It looks funny—quotes should always be in matched pairs. We aren't aware of another programming language which uses unbalanced quotes in string literals, but there is one very important precedent for this kind of formatting: natural languages. English, for instance, uses a very similar format for quoting multiple lines of dialog by the same speaker. (Nor is this an English-only quirk; Spanish and French, the other two languages I checked, seem to have similar conventions.)
“That seems like an odd way to use punctuation,” Tom said. “What harm would there be in using quotation marks at the end of every paragraph?”
“Oh, that’s not all that complicated,” J.R. answered. “If you closed quotes at the end of every paragraph, then you would need to reidentify the speaker with every subsequent paragraph.
“Say a narrative was describing two or three people engaged in a lengthy conversation. If you closed the quotation marks in the previous paragraph, then a reader wouldn’t be able to easily tell if the previous speaker was extending his point, or if someone else in the room had picked up the conversation. By leaving the previous paragraph’s quote unclosed, the reader knows that the previous speaker is still the one talking.”

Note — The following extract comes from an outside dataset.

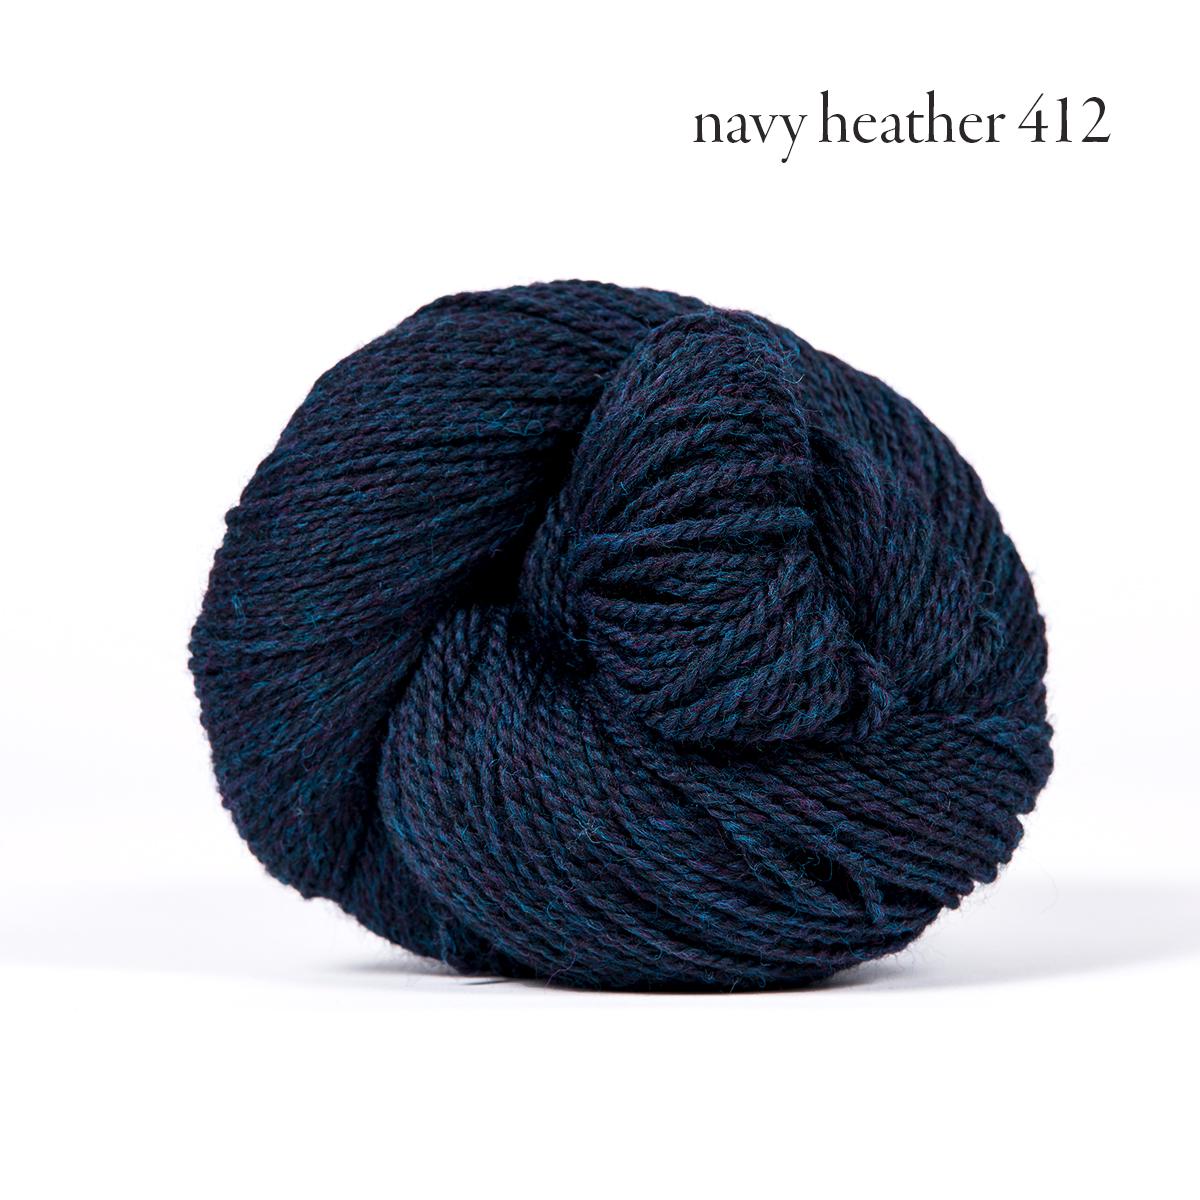 navy heather 412.jpg

“Oh, that makes sense. Thanks!”
In English, omitting the ending quotation mark tells the text's reader that the quote continues on the next line, while including a quotation mark at the beginning of the next line reminds the reader that they're in the middle of a quote.
Similarly, in this proposal, omitting the ending quotation mark tells the code's reader (and compiler) that the string literal continues on the next line, while including a quotation mark at the beginning of the next line reminds the reader (and compiler) that they're in the middle of a string literal.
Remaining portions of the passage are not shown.